Put simply: if you’re stumped for a destination when it comes to your next adventure holiday, you should consider looking no further than Vietnam for your global travel plans. Here’s some more information about the country, from food and culture to specific locations you could check out, as well as how to get around while you’re there. Happy travels!


Vietnam is an utterly multicultural city. It is a melting-pot of influence and inspiration from its fellow East Asian countries, while French colonies introduced Western elements from as early as the 17th century – making for a unique experience in the subcontinent. Its architecture is distinctly East-Asian, and sino-spheric influences can also be found in traditional art forms such as theatre and water puppetry.

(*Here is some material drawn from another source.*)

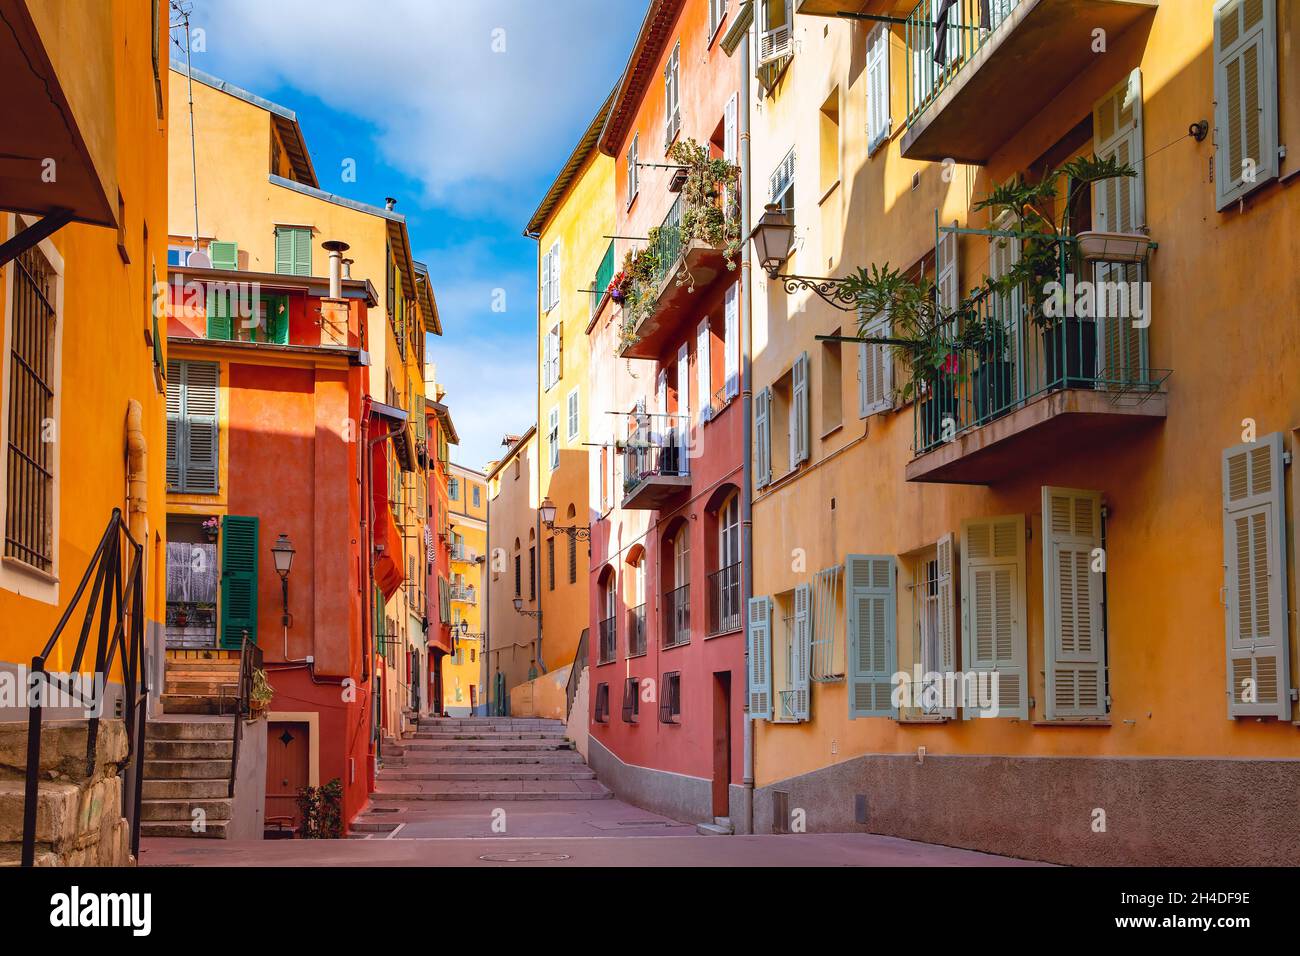 Sonnige, farbenfrohe historische Häuser in der Altstadt von Nizza, an der französischen Riviera, Cote d'Azur, Frankreich Stockfoto
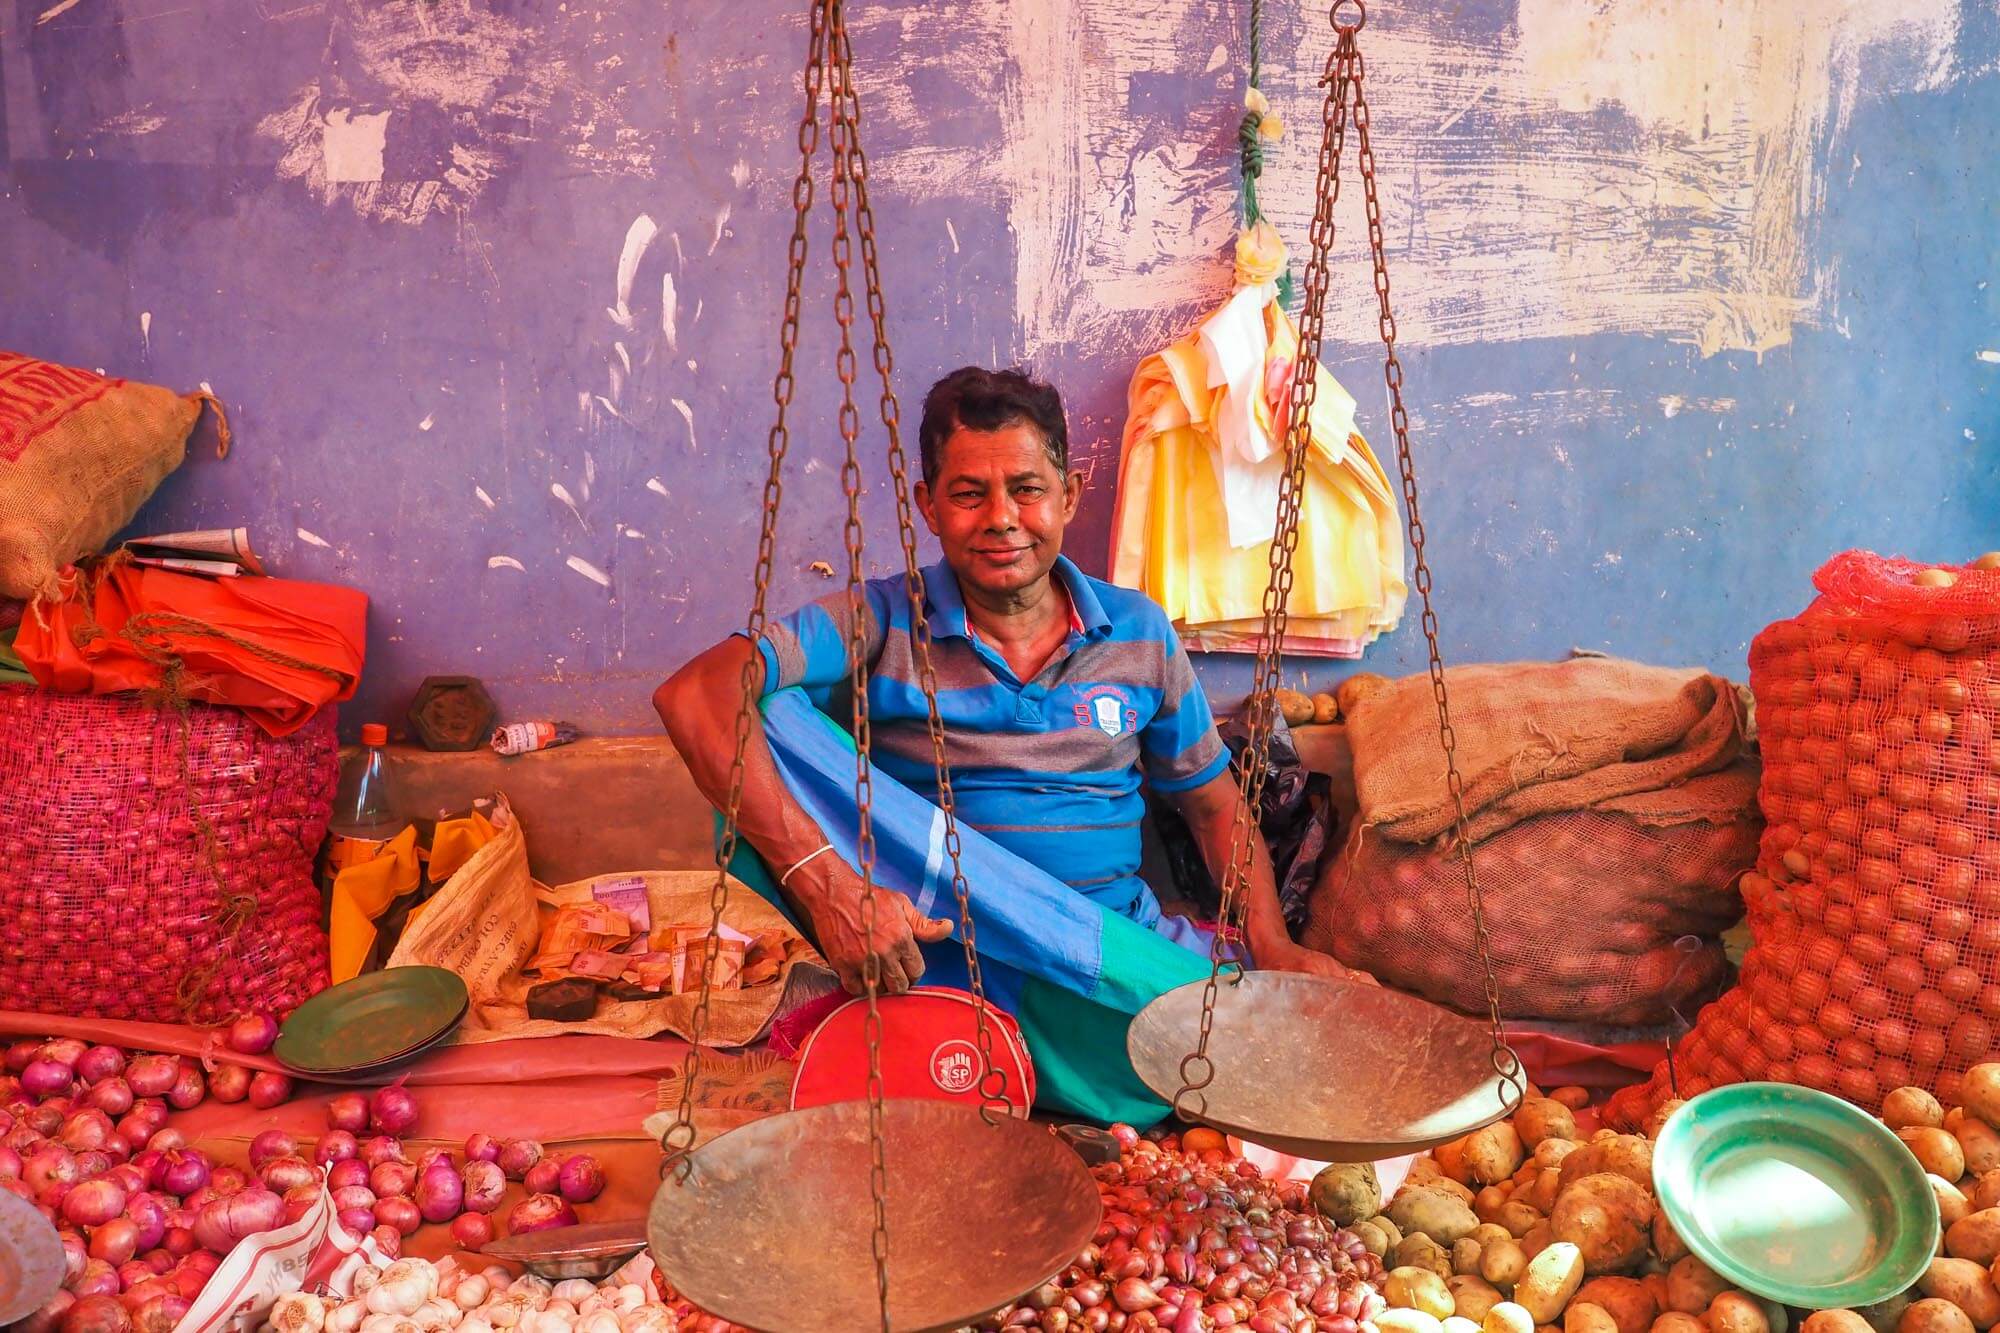 Vegetable Market, Sri Lanka - Travel photographer

Vietnam is a country with a storied history and rich cultural heritage, but perhaps its biggest cultural export to the West has been its cuisine. Vietnamese cuisine is bold and vibrant, borrowing heavily from bordering Asian countries while also taking influence from the West – in the form of French ingredients and Eastern European recipes.

The single most famous Vietnamese dish is pho, a versatile rice noodle soup dish eaten throughout the day in Vietnam, and which has taken the West by storm in recent years. Pho has been attributed to both Chinese and French influence, with some suggesting that pho was inspired by French beef stew or ‘pot-au-feu’.

Another major French influence can be found in banh mi, a popular street food choice that combines French baguettes with spicy, herbaceous Vietnamese meat fillings. Of course, Vietnam’s food story doesn’t stop there – but a cursory wander through one of Vietnam’s many bustling street food markets will introduce you to a glut of delicious sights and sounds.

Getting Around

Vietnam is a sprawling country with diverse regions and locations to visit, and stunning geography to encounter along the way. Getting from A to B in Vietnam can be done in a number of equally thrilling ways, from domestic flights across the country to leisurely slow trains that snake up to the country’s north. Public transport options also include buses, of which there are sleeper routes for you to make your way from place to place overnight – which could also save you accommodation costs while you travel.

Of course, for complete control over where you go and when – and for a quintessential experience in navigating cities and towns – you can do little wrong in hiring a motorcycle. Motorbikes are one of the most popular forms of private travel in Vietnam, and exploring its roads on two wheels only natural.

Where Best to Visit

One of the biggest hurdles to planning your Vietnam adventure holiday presents itself in narrowing down your options. The possibilities are endless when it comes to locations and travel routes, but the following places are particularly arresting destinations you should consider:


Hanoi is Vietnam’s capital; a bustling city in the Red River Delta, built around the tight, busy market streets of the Old Quarter.

Ha Long Bay

Ha Long Bay is a coastal site comprising well over 1000 island rock formations, themselves peeking out of vibrant waters and covered in foliage. This is a beautiful place to tour by boat.

Sa Pa

Sa Pa is a mountain village and agricultural community, that looms over rice fields and is itself overlooked by the Phang Xi Pang mountain. This is a place for the active adventurers, with hiking routes that can take days to complete.